But it belongs to you, to the reader.
Host Marcia Franklin: Coming up, I talk with bestselling author Dr. Abraham Verghese about his newest novel, "The Covenant of Water."
That's "Conversations from the Sun Valley Writers' Conference," next.
Stay with us.
(MUSIC) Announcer: Major funding is provided by the Idaho Public Television Endowment and the Corporation for Public Broadcasting.
Franklin: Hello and welcome.
I'm Marcia Franklin.
When Abraham Verghese was a teenager, he read a book that changed the course of his life.
"Of Human Bondage," by Somerset Maugham, is a story of a shy young man with a disability who eventually finds his calling as a doctor.
The novel touched Verghese so deeply that he decided he also wanted to pursue a career in medicine.
50 years later, he's not only a renowned physician and professor, but also the bestselling author of four books, including "My Own Country," "Cutting for Stone," and his latest novel, "The Covenant of Water."
It's an epic tale of intersecting lives in Kerala, India, that spans seven decades.
I sat down with Dr.
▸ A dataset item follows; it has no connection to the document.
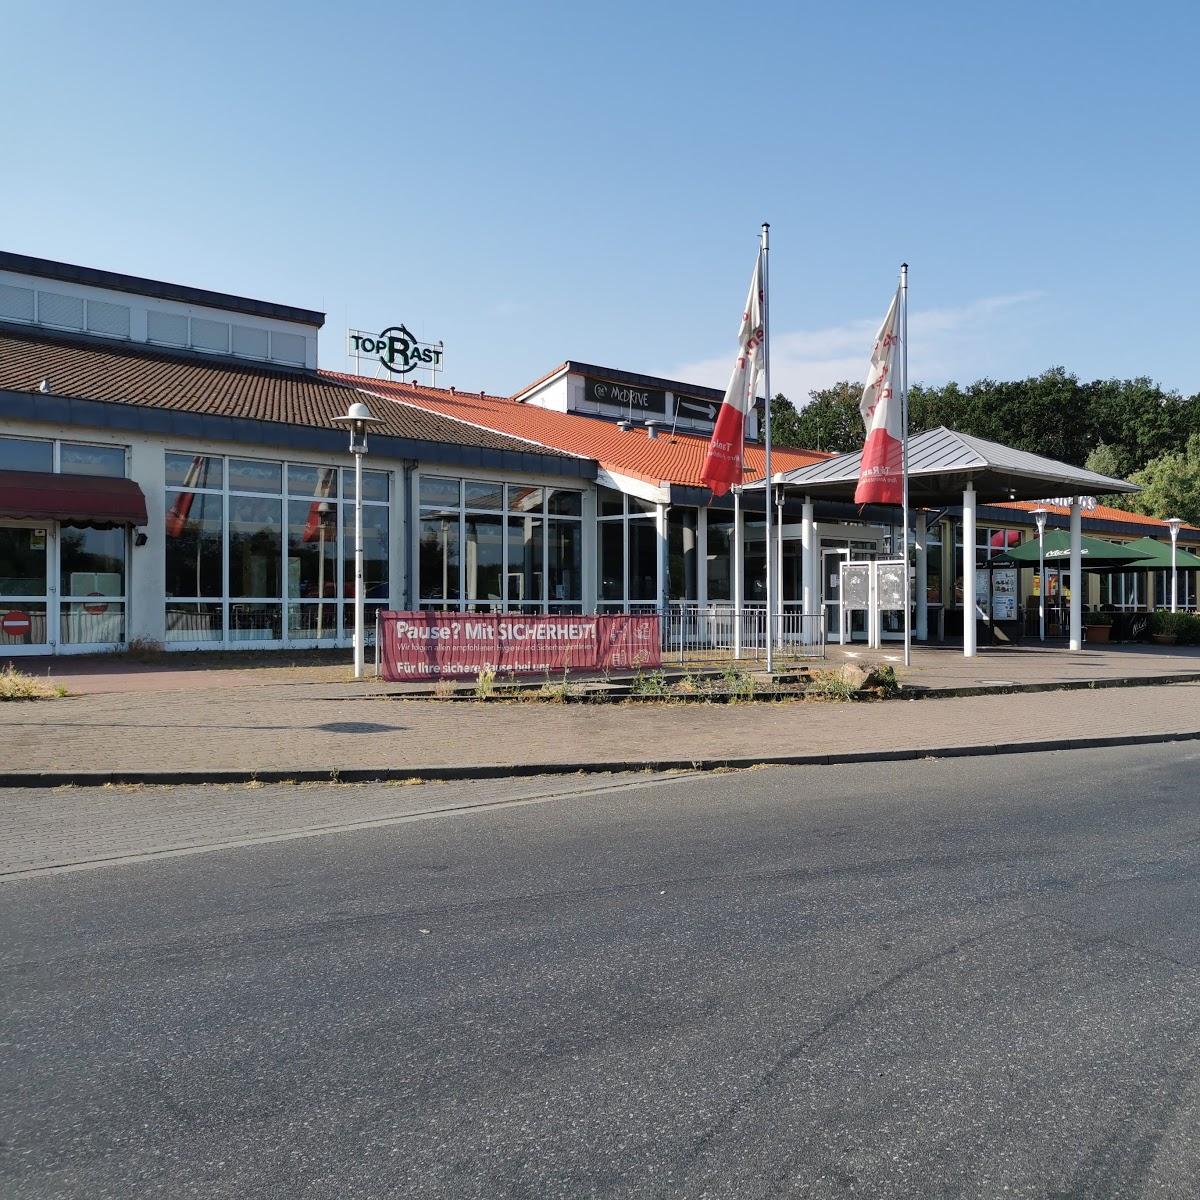 Restaurant "Tank & Rast Raststätte Linumer Bruch Süd" in Fehrbellin

Verghese at the 2023 Sun Valley Writers' Conference to learn more about what compelled him to spend 10 years writing the book, its relationship to his own family history, and the importance of the conference in his life.
Franklin: Dr. Verghese, it's wonderful to see you again.
It's been 14 years.
Verghese: Has it really been that long?
Franklin: Yes.
We last spoke in 2009.
So much has happened in the world, in our lives, not the least of which is that you have another bestselling book out.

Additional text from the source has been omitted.